There’s an interesting thread on our insider board right now debating what is the ideal number of touches per game for Venric Mark this fall. While we obviously won’t get much closure on that until we know (at the very least) how Mark holds up in pads, I do think it’s a worthwhile discussion. Northwestern seems adamant about installing high-tempo short passing to correct its offensive woes, but the real key to improvement lies in forcing opponents to respect the run and offering a diverse ground game.

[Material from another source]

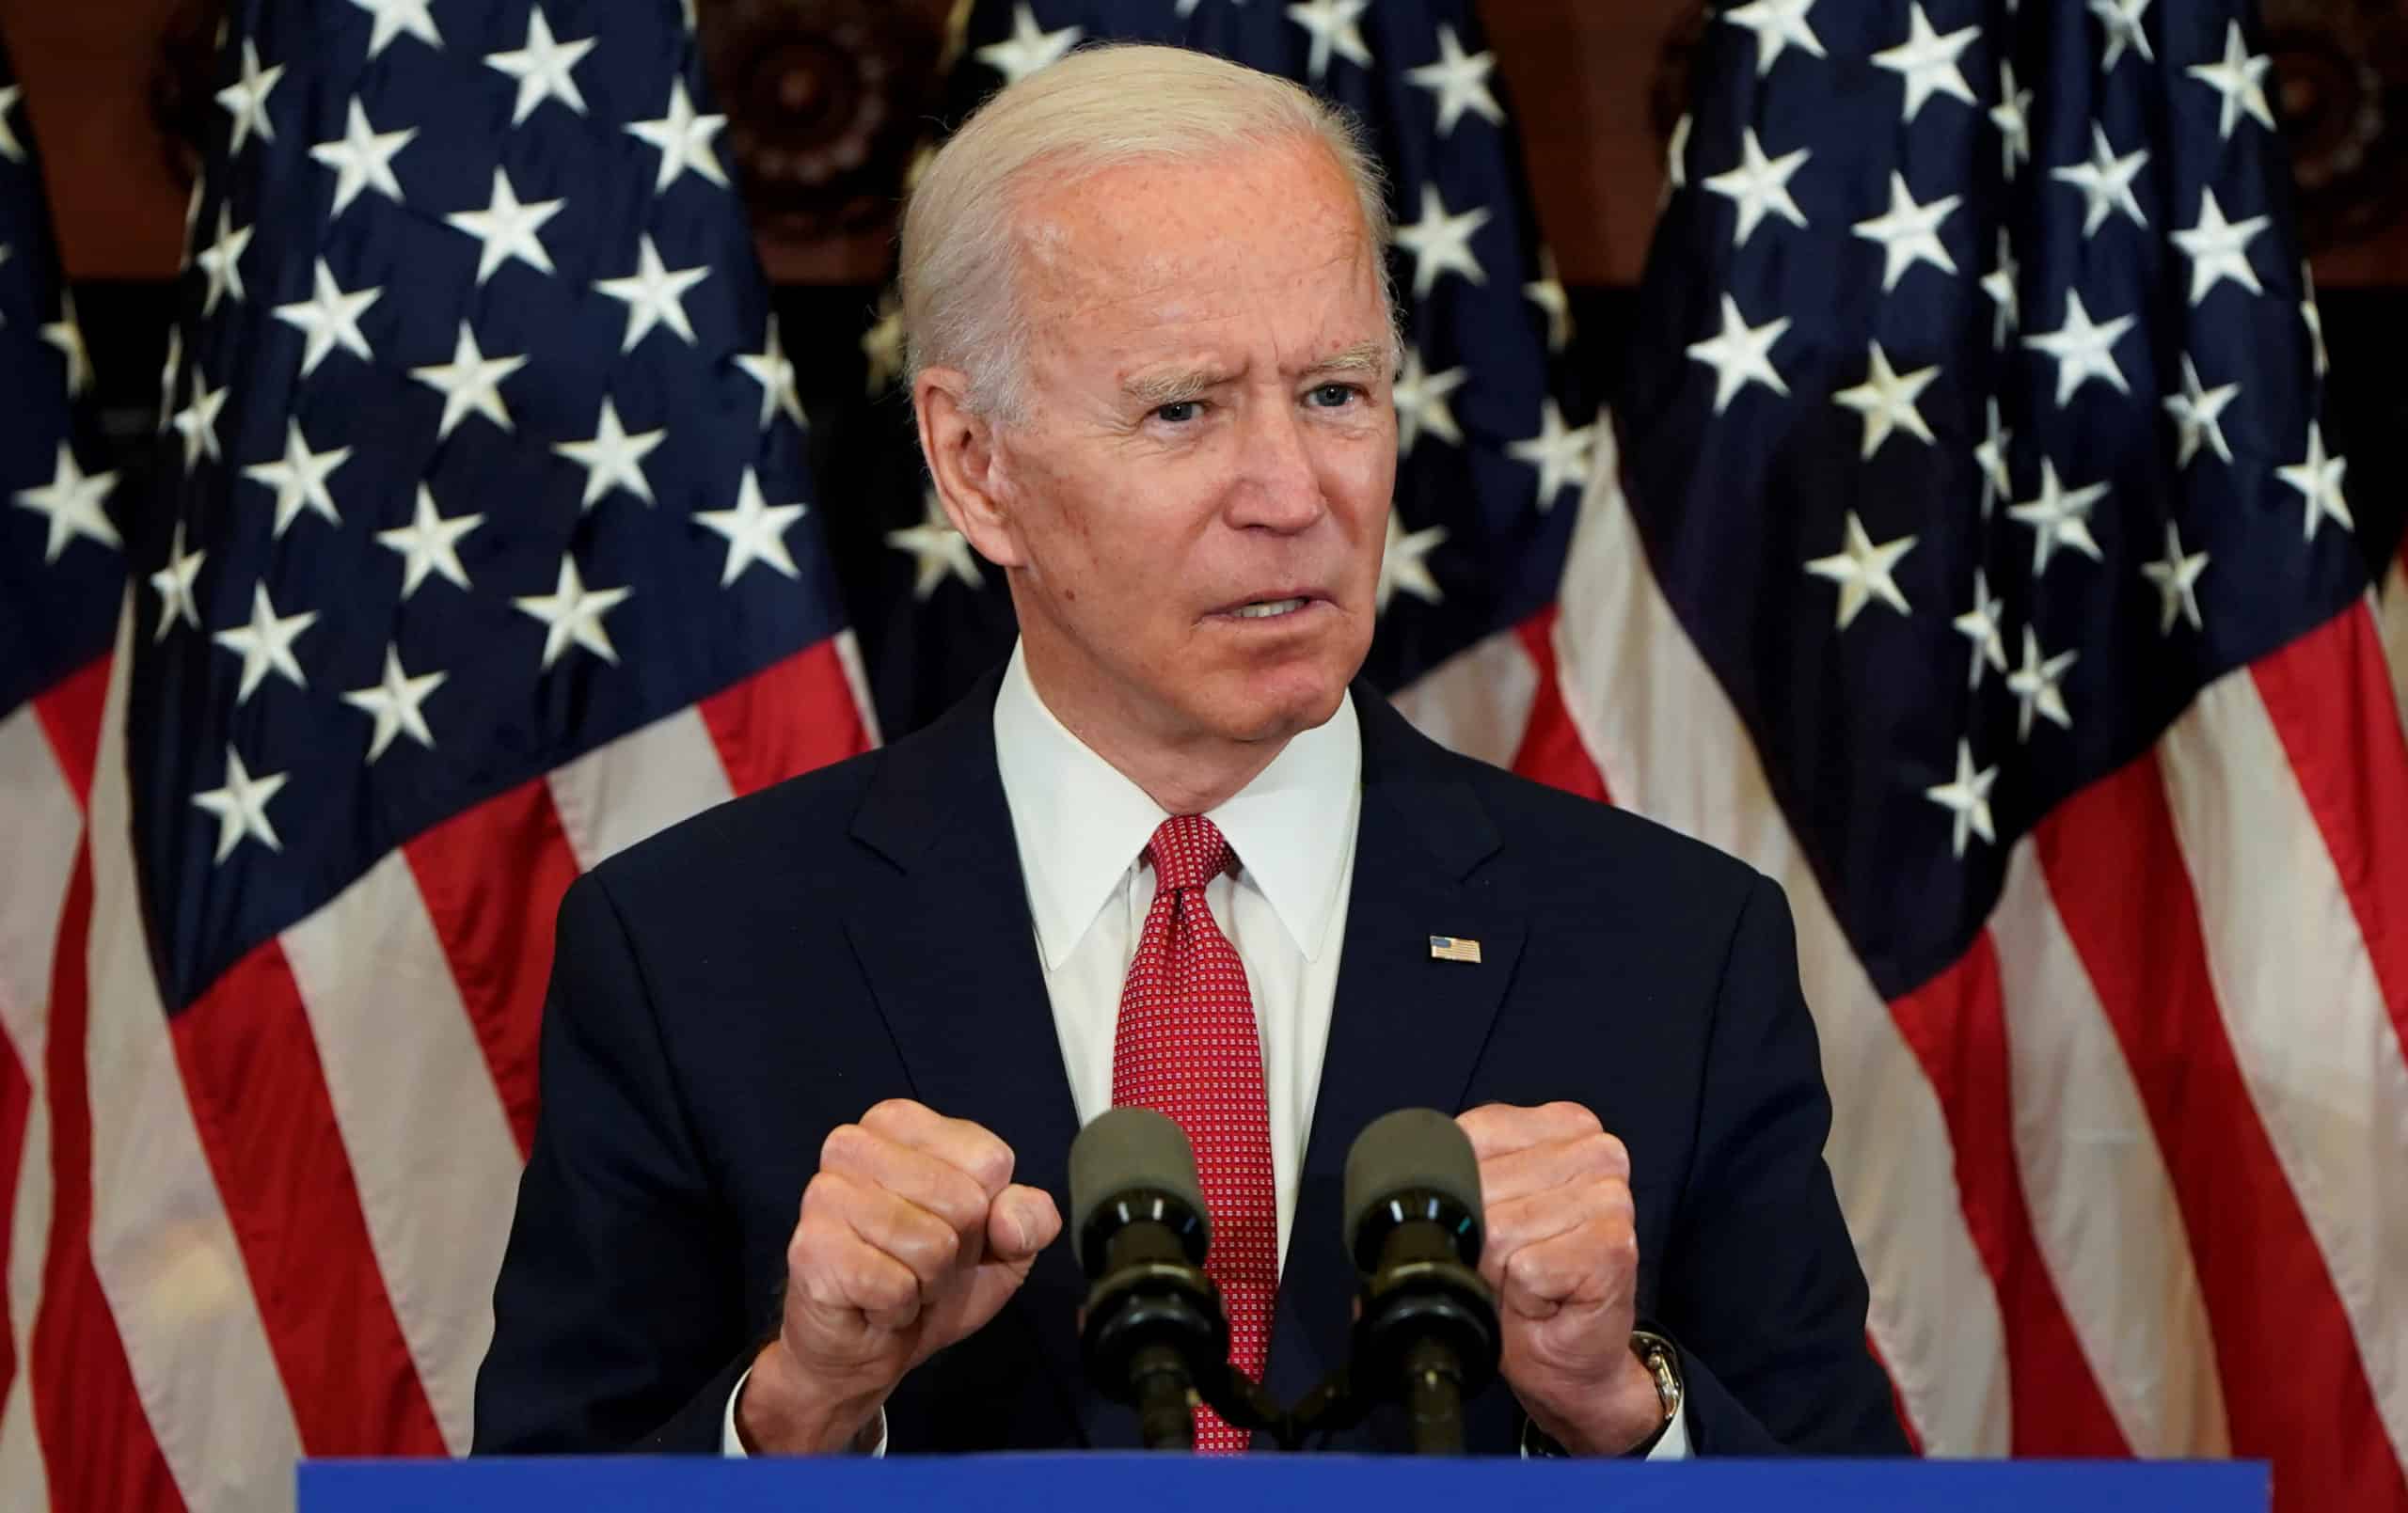 73 Republican Former National Security Officials Call Trump Dangerously Unfit And Endorse Biden

Both were damn near impossible last year when the team limped down its depth chart to, at one point, the No. 6 running back. But with Mark back and Treyvon Green and Warren Long completely healthy, the Wildcats can tout a dangerous running game that rotates faster personnel to mask a shoddy offensive line. The key, as most responders on this thread have pointed out, is to avoid over-reliance on Mark. I believe the best possible NU running game is one that gives touches to five separate backs each night. Subtracting the 163 keepers taken between Kain Colter and Trevor Siemian last season, the Wildcats still gave backfield rushers more than 28 carries per game.

Venric Mark

Believe it or not, Mark averaged fewer than 19 touches a game in his All-American campaign, and got 20 carries in just four of 13 games. There’s no reason for a 5-8 running back who hasn’t played a full game in 18 months to see heavy involvement in non-conference matchups, and even when Big Ten play resumes, Mark would be best off hovering around 14-17 total touches. Interestingly enough, that 2012 season also saw him record two or fewer catches in all but one game (he caught seven balls against Boston College), and Mark has only recorded three receptions greater than 10 yards in his career.

Best guess: 17 touches

Treyvon Green

Green has been criminally under-appreciated this offseason, and his eight touchdowns on a 5.4 yard-per-carry average commands at least a few carries between the tackles. Green wasn’t nearly as prolific going sideline to sideline last year, but taking a half-dozen runs through the middle of a defense will keep linebackers honest — especially important given Northwestern’s interest in expanding the short passing game and getting Dan Vitale more involved early. He’s also an improving pass blocker.

Best guess: 5 touches

Warren Long

The staff is high on Long, who saw a career-high six carries against Illinois last November. NU gave him carries even when Green and Stephen Buckley were healthy, and Fitzgerald has praised his progress all offseason.

Best guess: 3 touches

Stephen Buckley

Buckley’s been held out of practice this summer, but he is expected to return by Week 1. I think he will be the team’s third option by the end of the year, and offers the receiving prowess missing with Mark and Green. Buckley busted receptions of 17 and 14 yards against Nebraska and Western Michigan, respectively, and at 6-0, he could sneak into the slot on spread sets.

Best guess: 3 touches

Justin Jackson/Solomon Vault

Fitz said that he expects a core of three — Green, Long and Buckley — to take substantial carries from Mark, but I also expect at least one freshman running back to burn a redshirt. Justin Jackson has been fielding passes in practice thus far, and Fitzgerald told reporters to keep an eye on Solomon Vault from the first day of camp. Both offer needed flexibility in the receiving game, and though Jackson only put up 220 receiving yards to his 3,100+ rushing yards at Glenbard North last fall, I expect him to adapt his game to see the field this season.